Recipe from: Carla R. Bure

This recipe is a homemade spaghetti meat sauce that has been passed down to 4 generations of Sicilians. The recipe has been altered by each person to fit personal preference and taste. Fresh tomatoes can be put in the place of the purée but not recommended, due to the high acidity of the fresh tomatoes.

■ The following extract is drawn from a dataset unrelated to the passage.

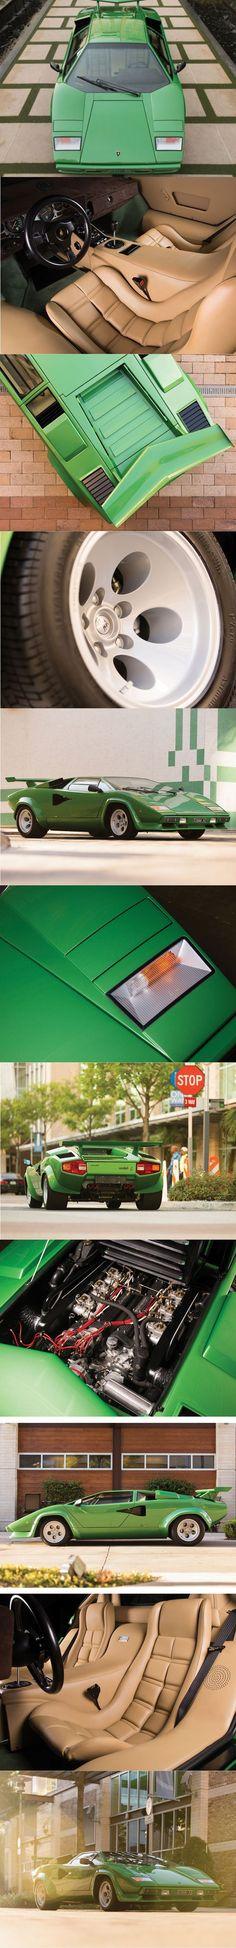 1978 Lamborghini Countach LP400 S / Italy / green / 350 hp / 82 manufactured / www.autovisie.nl / Bertone Marcello Gandini #lamborghinivintagecars

2 tablespoons extra virgin olive oil
1 large yellow onion, diced
1 clove garlic, minced
4 pounds pork shoulder roast
½ cup white wine
3 cups water
2 teaspoons dried oregano
2 teaspoons dried parsley
1 teaspoon dried thyme
1 teaspoon dried rosemary
3 tablespoons garlic powder
1 teaspoon salt
1 teaspoon black pepper
2 (28 ounce) cans tomato purée
6 cups water
¼ cup white sugar

Heat olive oil in a large stock pot over medium heat. Sauté onions and garlic until lightly browned. Place pork shoulder in pot, and pour in ½ cup white wine and 3 cups water. In a small bowl, combine oregano, parsley, thyme, rosemary, garlic powder, salt and pepper. Sprinkle ¼ of spice mixture over pork. Cover, and cook for 30 minutes turning occasionally. Add water periodically if needed.

Pour in tomato purée. Fill cans with water, and pour in (about 6 cups). Stir in remaining spice mixture and the sugar. When liquid starts to bubble, reduce heat to low, cover, and cook for 4 to 5 hours. Stir occasionally, and adjust seasonings to taste.